VECTORWORKS IS ONE OF THE FIRST Nemetschek Group companies to embrace the NVIDIA Omniverse with an Omniverse Connector. More are sure to come, but for now, Dave Donley, Senior Director of Rendering and Research of Vectorworks, Inc., tells Architosh that its users will find their favorite CAD/BIM tools of choice will rapidly expand with new workflow options.
Network Effects for All?
Typically so-called “network effects” accrue around a market share leader, leaving the crowd chasing that leader to compete by offering creative core innovations and more value in exchange for the benefits of the expanding network. It’s a story in the technology industry that has been well-worn for over four decades.
But this time, NVIDIA—known as a semiconductor (chip) company and a leader in GPUs (graphics processing units)—has positioned itself and its Omniverse technology as a solution for removing data silos across numerous industries, including AEC/O, manufacturing, and landscape.
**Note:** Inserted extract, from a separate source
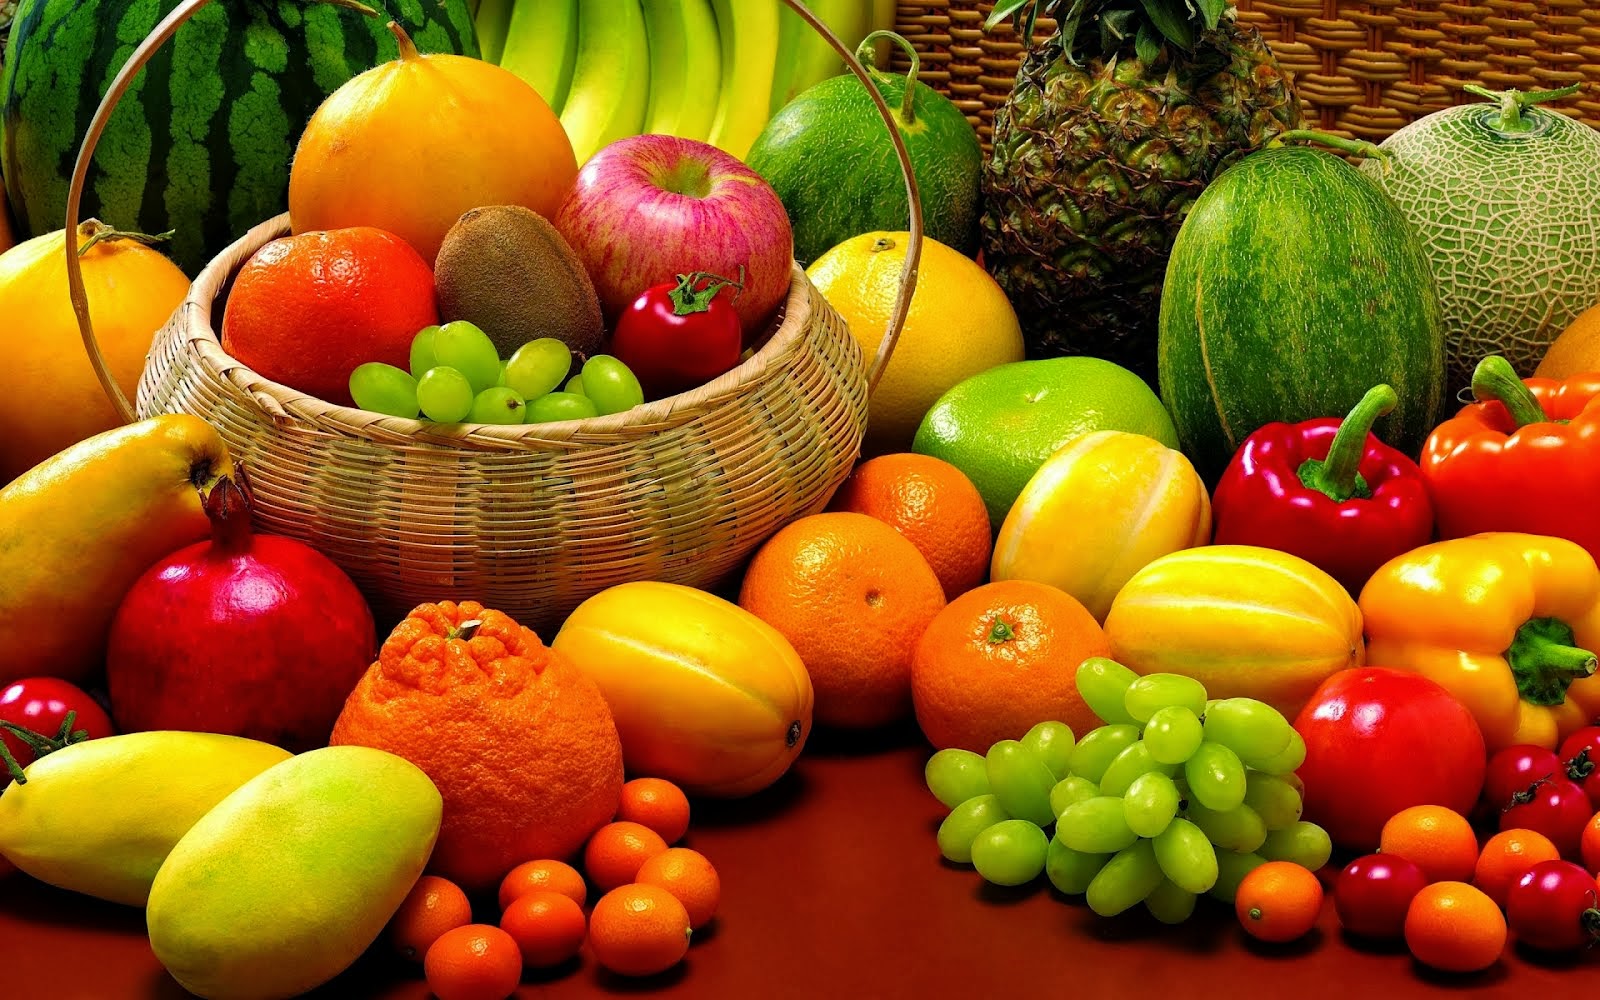 SUPERMERCADO O VAREJAO: Ofertas de frutas e verduras.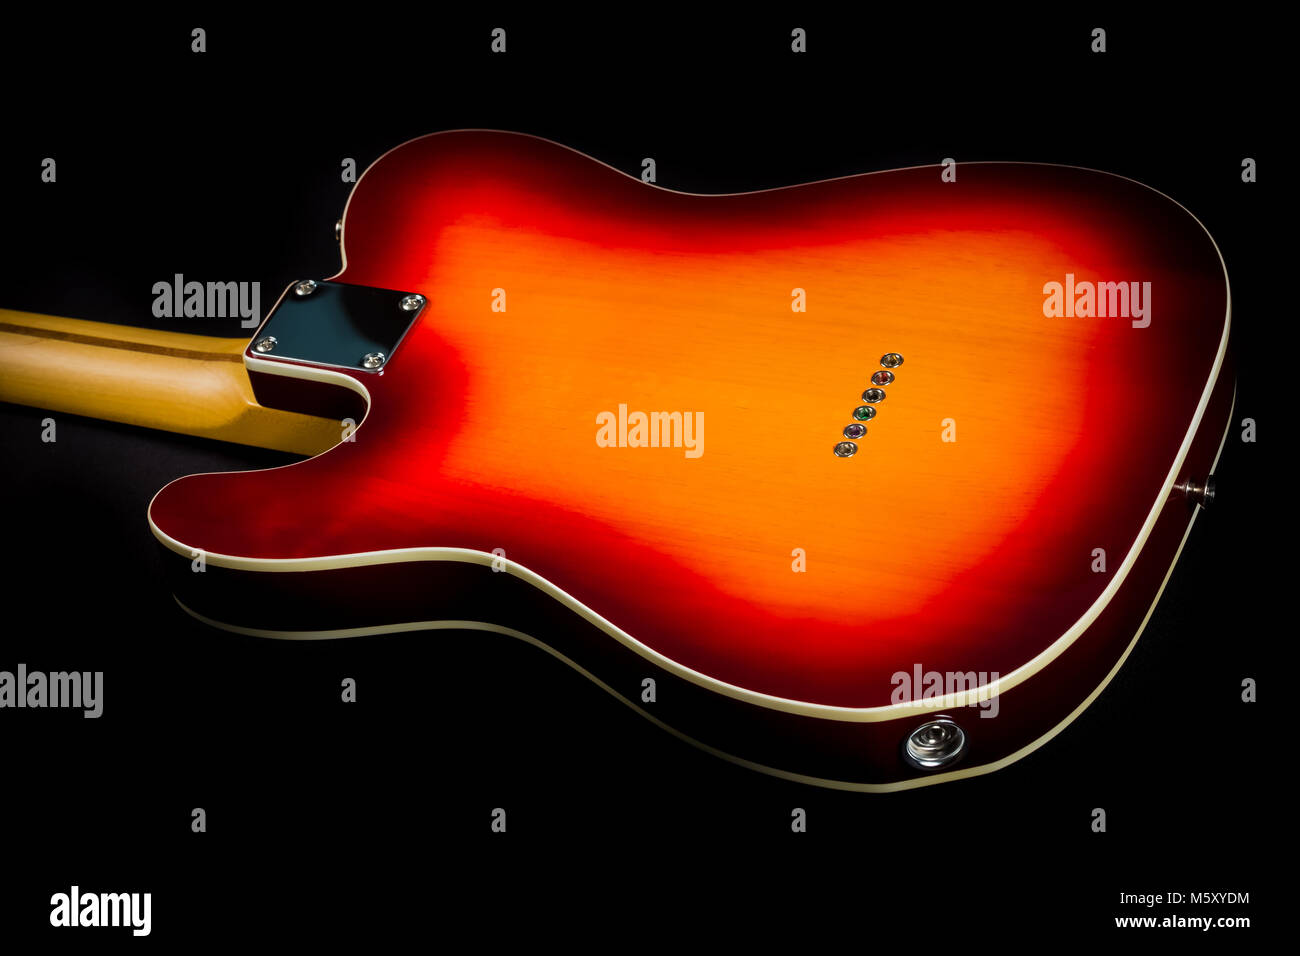 De près de l'arrière d'une guitare électrique avec un carton jaune et orange peinture sunburst Banque D'Images

“I think there are many stories,” says Dave Donley, speaking about how Omniverse will positively impact Vectorworks. “One story is—if you look at the chart of [Omniverse] Connectors—you see a ‘multiplication factor.’ The combinations that you can produce using the 100 or so plugins that connect to Omniverse today are a bit of a ‘choose-your-own-adventure.’ We are looking at a heady future with Omniverse.”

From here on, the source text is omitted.